The federal government should release more monoclonal antibody treatments to the state and "stop playing politics" with the supply, Florida Lt. Gov. Jeanette Núñez told Newsmax on Monday.
"We have the infrastructure in place; we have the sites; we have the staffing; we have the ability to make these lifesaving [monoclonal antibody] treatments available to the public," Nunez told "American Agenda." "We just need the supply, and so instead of getting in our way, instead of allowing us to just continue to do what we were doing so successfully, [President Joe Biden's officials] continue to put obstacles in our way. We want Floridians to have access to this treatment that's effective, and it's proven it's safe. It's efficient. We are just continuing to ask the Biden administration to release the supply.

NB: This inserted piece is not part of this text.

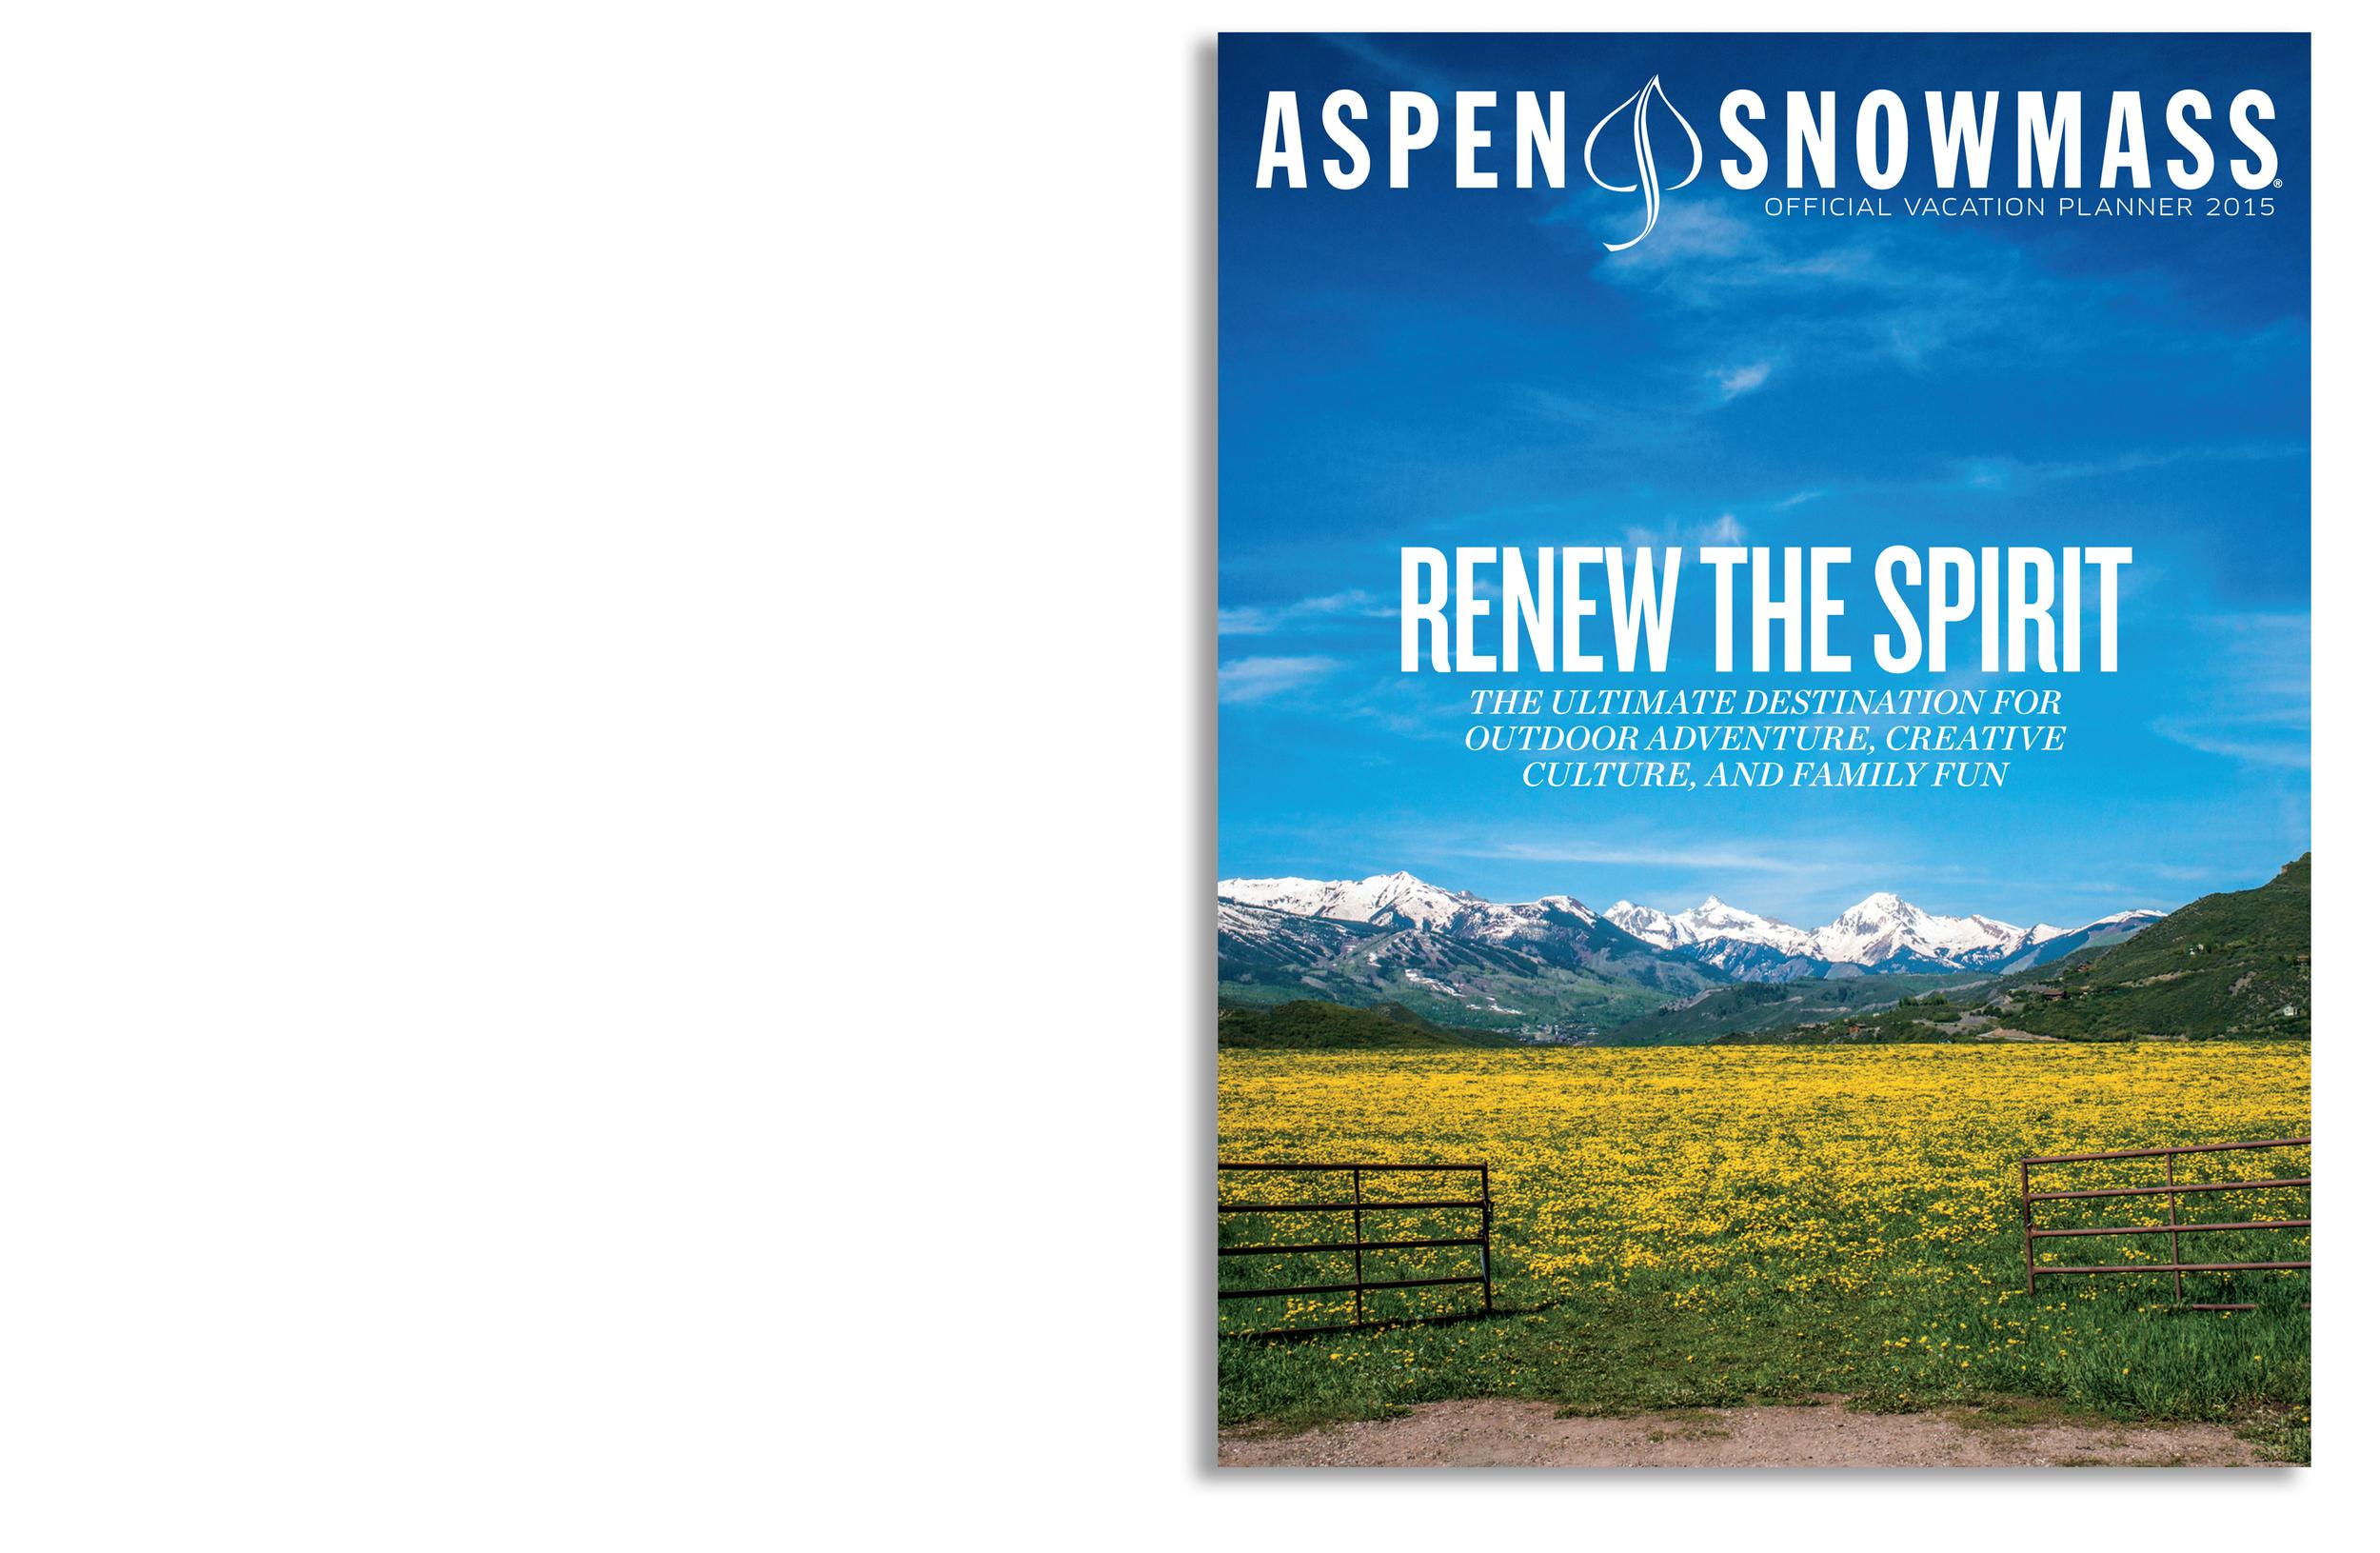 aspensnow-cover.jpg

"Stop playing politics if that's your end game. This is about lives. We want to save lives."
Biden's Department of Health and Human Services started limiting the amount of the treatments individual states could order in September, fearing a shortage during the delta COVID-19 variant surge, Forbes according to reports.
The department decided to allocate the treatments to states with high case counts and low vaccination rates, instead of letting states freely order them on their own, according to Forbes.

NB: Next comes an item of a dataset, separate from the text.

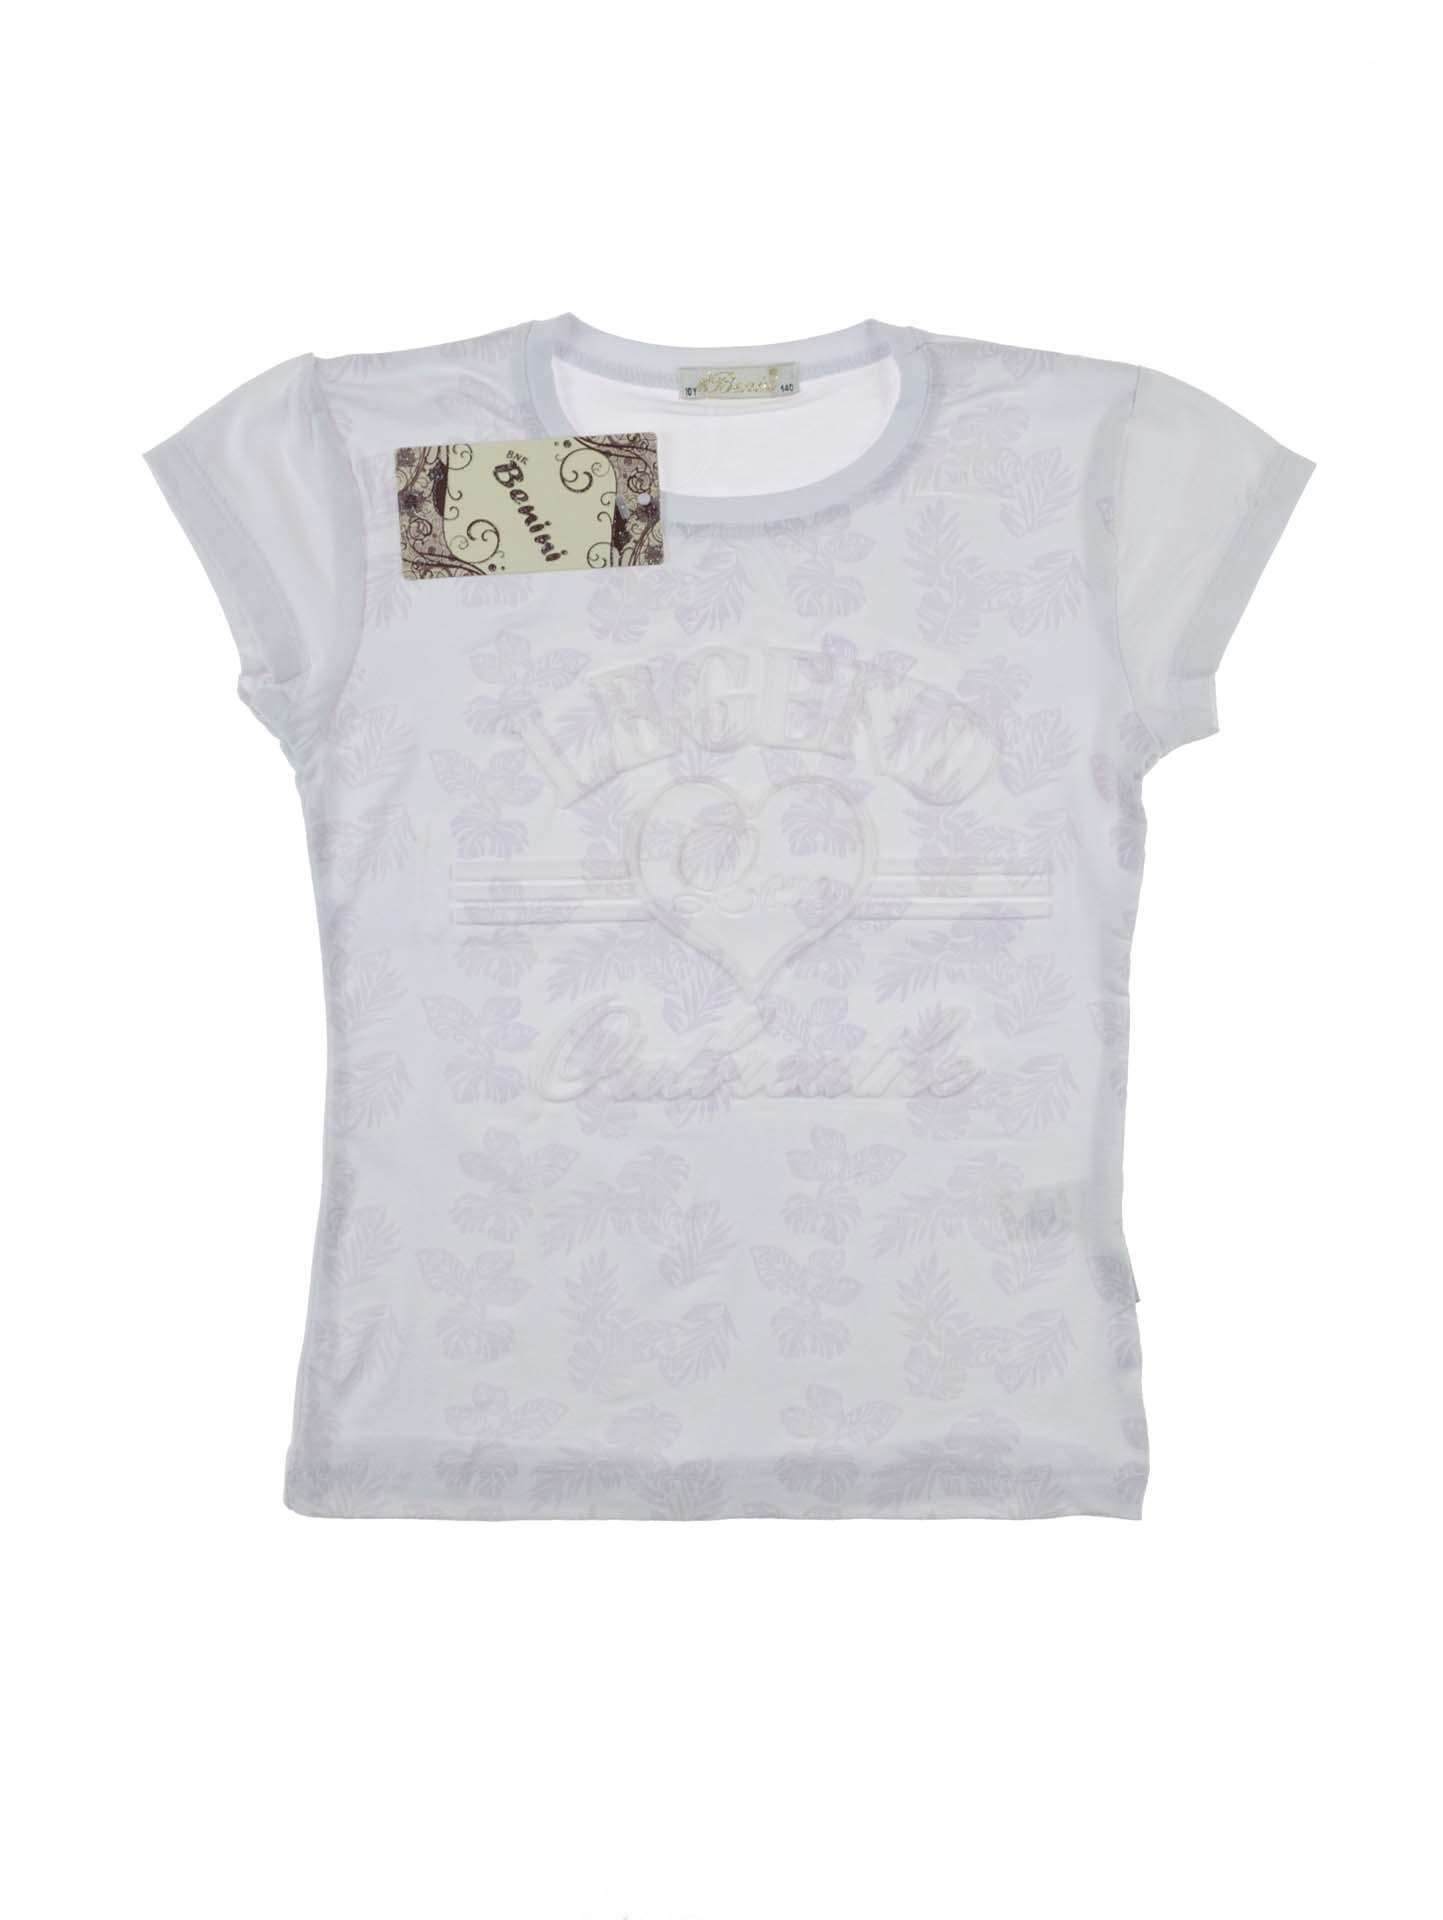 6279ff8e49e0 Купити Біла футболка для дівчинки Legend | Top Shelf | Інтернет ...

The Washington Post reported in September the department changed its policy and purchased 1.4 million additional doses to stop an anticipated shortage of the treatments, which had been going to "deep south" states that were using an estimated 70% of the national supply.
In December, Florida's Surgeon General Joseph Ladapo said the government was limiting the state's access to the drugs on purpose.

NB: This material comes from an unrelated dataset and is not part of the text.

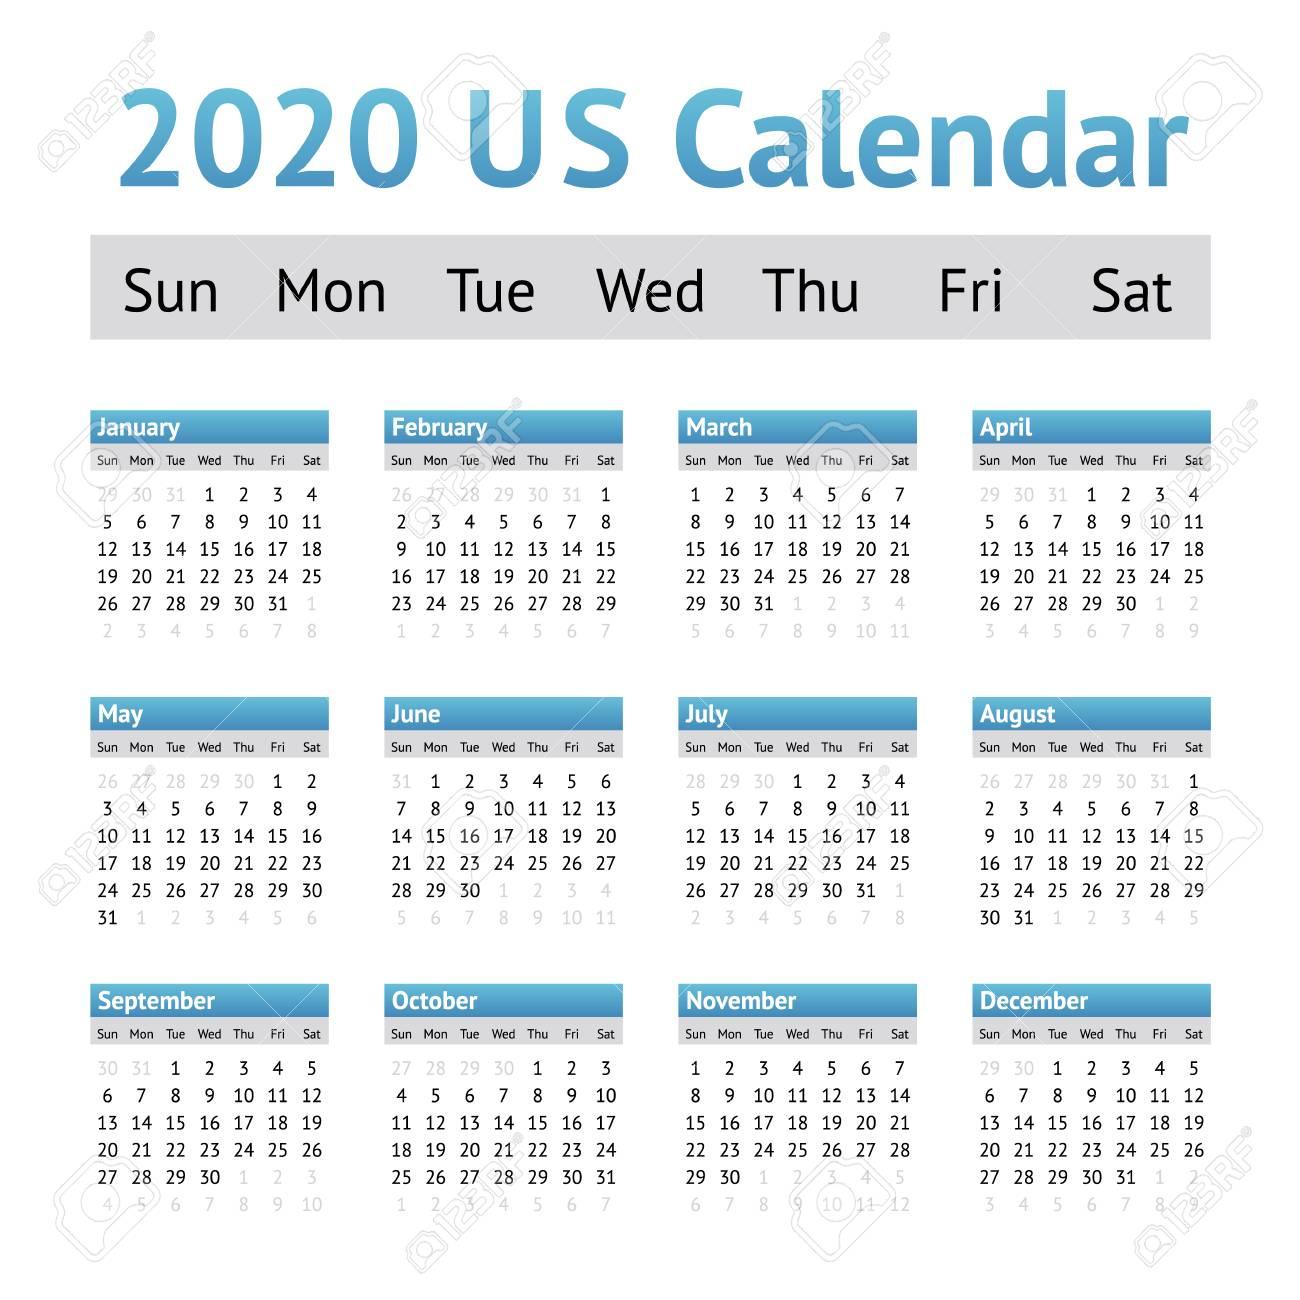 2020 Calendar Us - Wpa.wpart.co

"The federal government is actively preventing the effective distribution of monoclonal antibody treatments in the U.S," Ladapo wrote in December, according to Pensacola television station WEAR. "The sudden suspension of multiple monoclonal antibody therapy treatments from distribution to Florida removes a healthcare provider's ability to decide the best treatment options for their patients in this state.
"This shortsightedness is especially evident given that the federal government effectively prohibited states from purchasing these monoclonal antibodies and serving their populations directly."
Nunez said Florida set up its sites to distribute the antibodies early on during the delta surge in the summer under the leadership of Gov. Ron DeSantis and they were very effective.
"Florida led the way with the leadership of Gov. DeSantis," she said. "We set up these monoclonal sites, we proved that we were reducing hospitalization and saving lives.
"And then, all of a sudden, the federal government decided to seize control [of the medication], so we were no longer to be able to obtain this supply based on our own advisers. What happens after is that you see how this supply, now all of a sudden, the federal government is taking control. They're not releasing these licensed treatments to Florida, and we are desperately asking them to reconsider. The governor has been very firm."
Nunez said she could not say if limiting the amount of treatment doses the state gets is directly responsible for deaths in the state as the omicron variant surges, but she did say people are being put in "precarious" positions that could put lives in danger.